====== Data ======

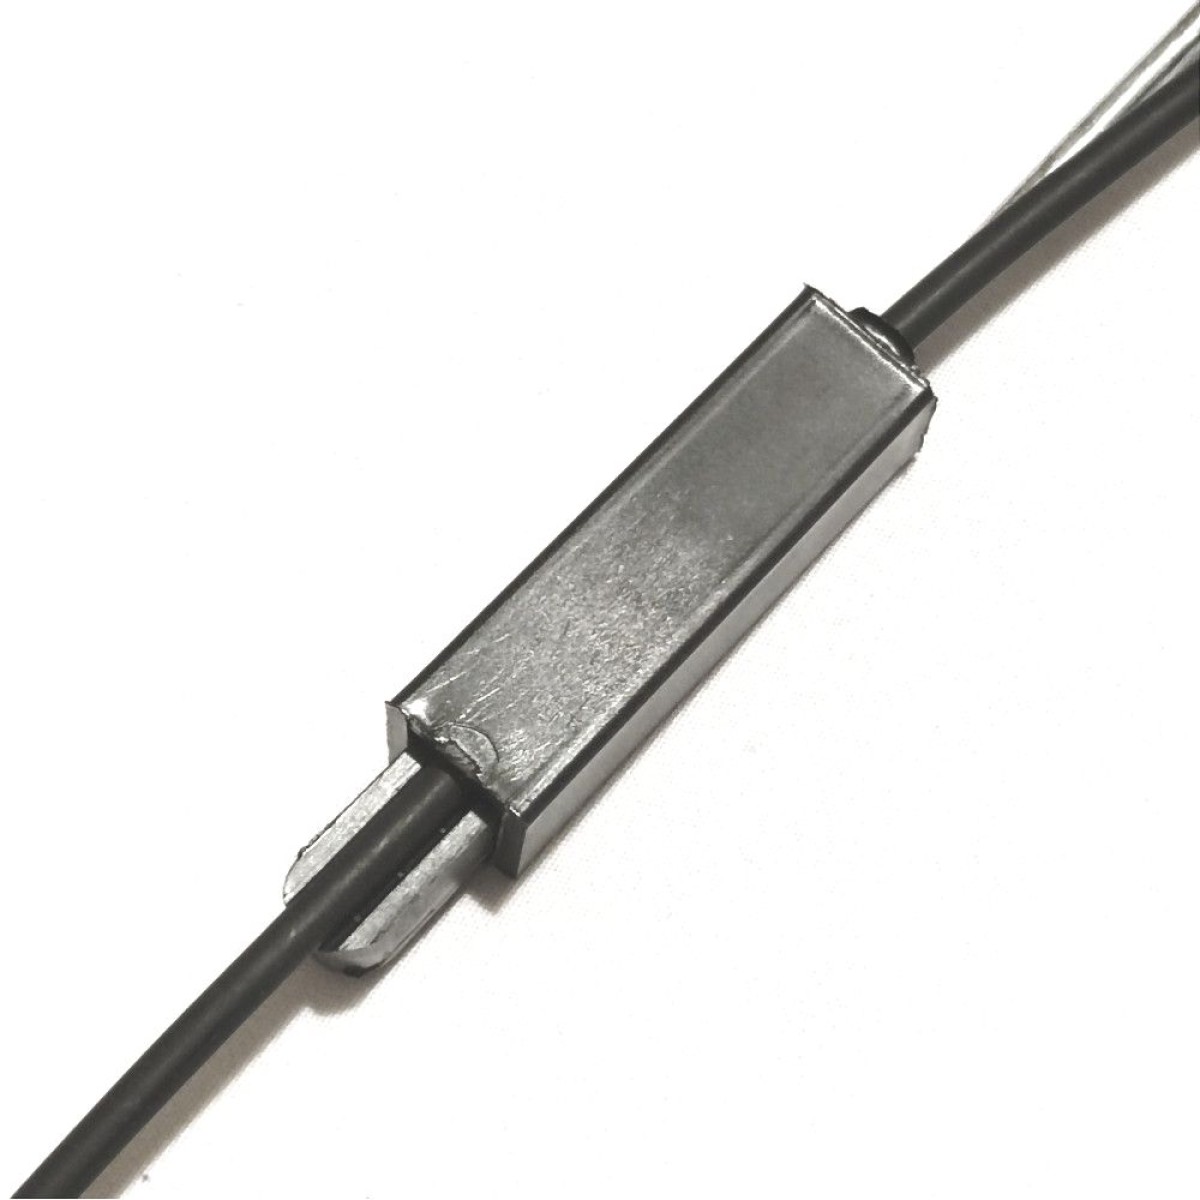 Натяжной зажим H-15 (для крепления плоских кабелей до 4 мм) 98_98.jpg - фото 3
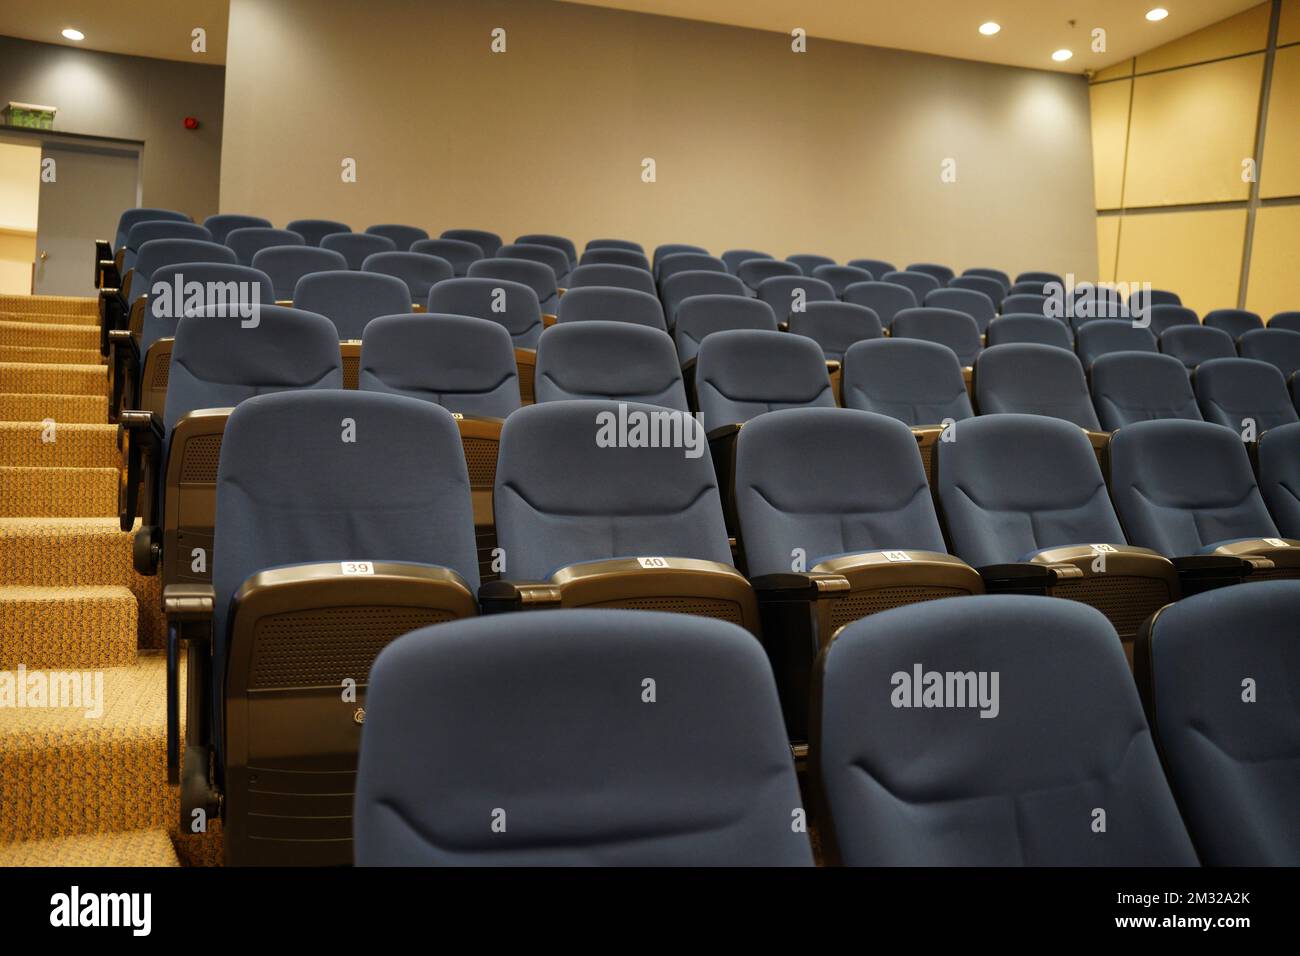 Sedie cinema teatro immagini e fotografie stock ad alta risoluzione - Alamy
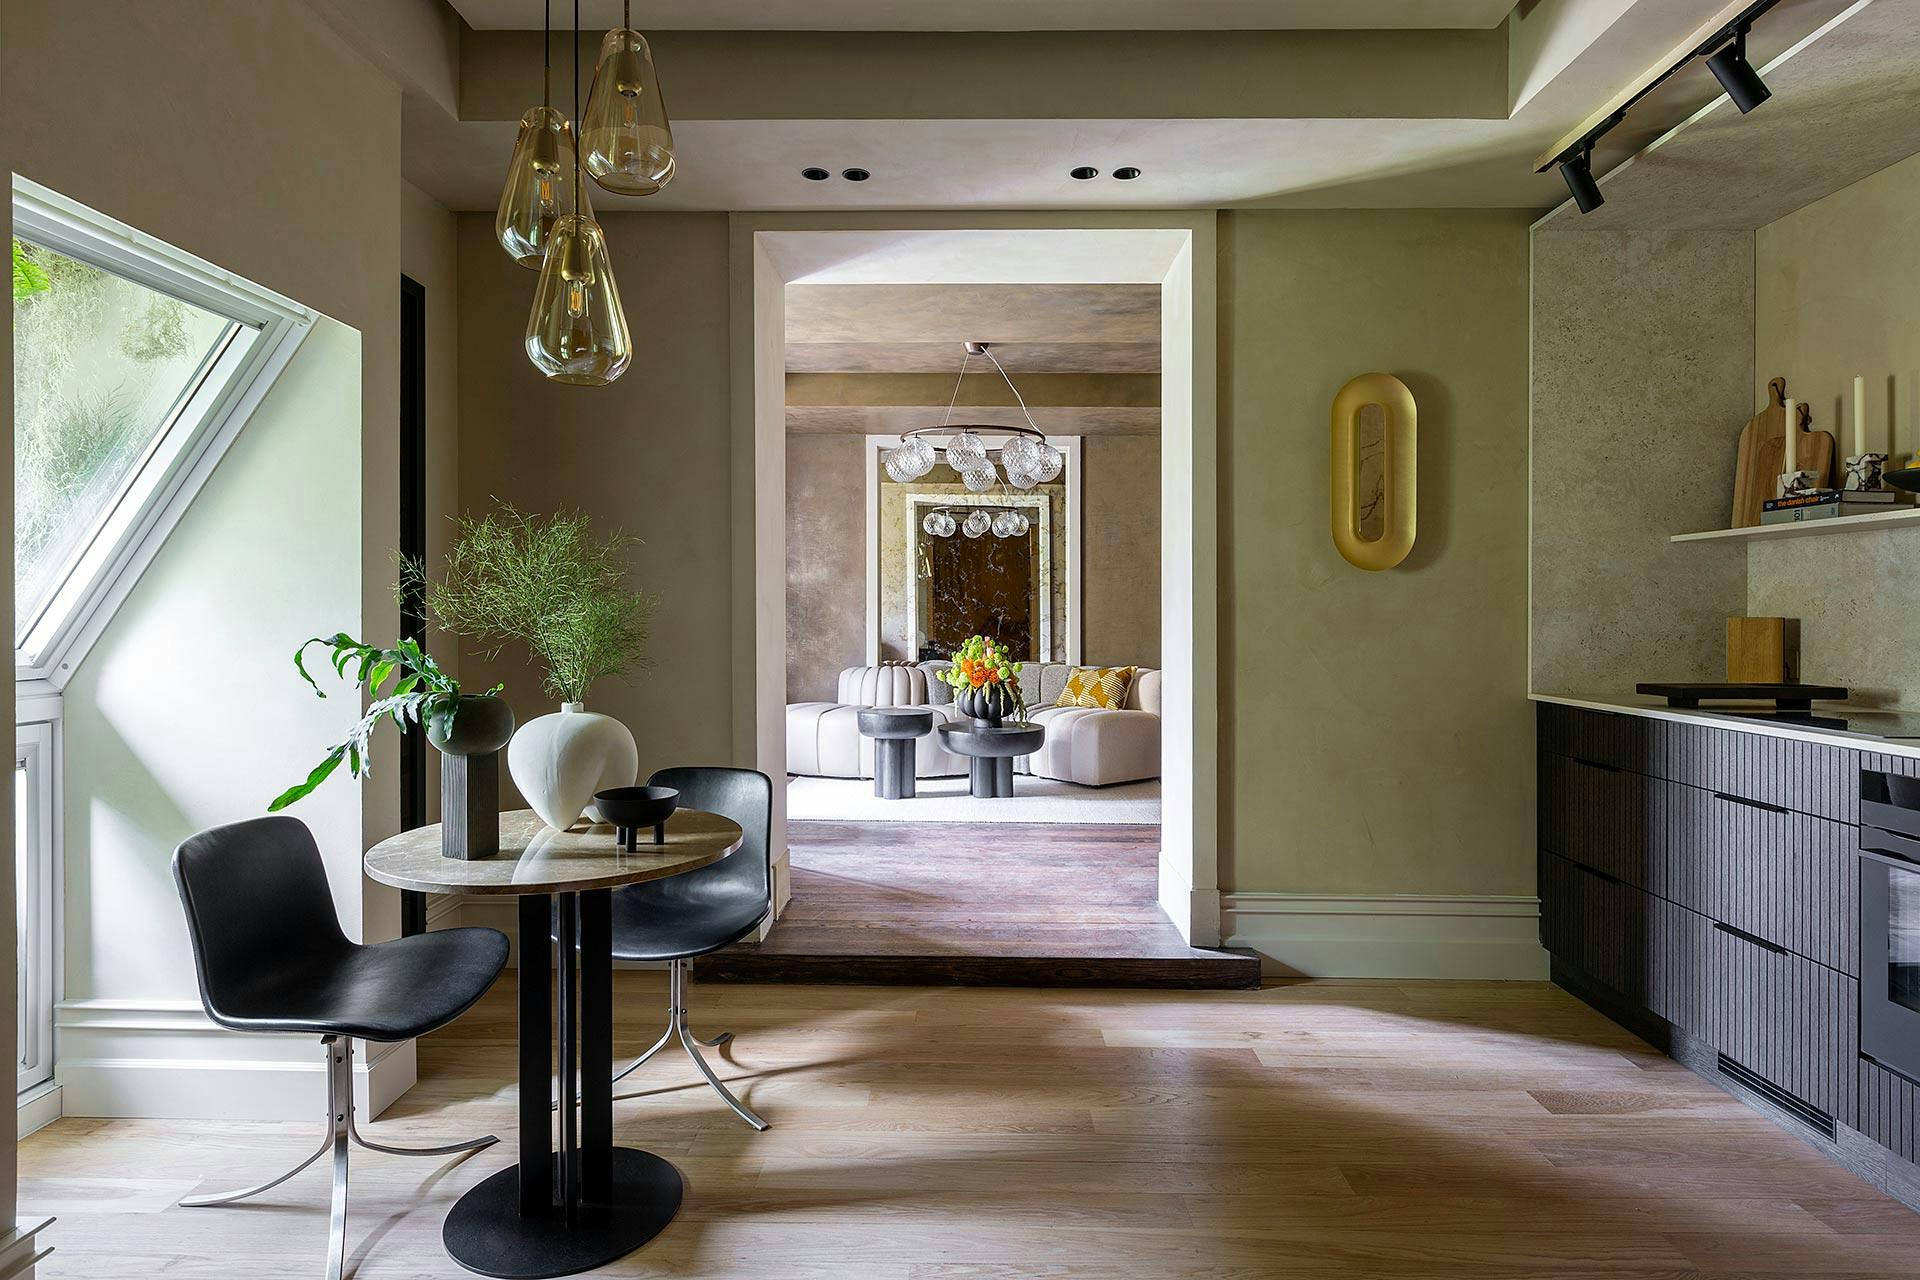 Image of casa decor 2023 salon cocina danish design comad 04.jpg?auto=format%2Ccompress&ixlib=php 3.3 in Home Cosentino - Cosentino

======

**What needs to be done**
With the pictures left out, output exactly the lines from the one with "Sedie cinema teatro" through the end of the listing above, both ends included.

**Solution to this task**
 Sedie cinema teatro immagini e fotografie stock ad alta risoluzione - Alamy
 Image of casa decor 2023 salon cocina danish design comad 04.jpg?auto=format%2Ccompress&ixlib=php 3.3 in Home Cosentino - Cosentino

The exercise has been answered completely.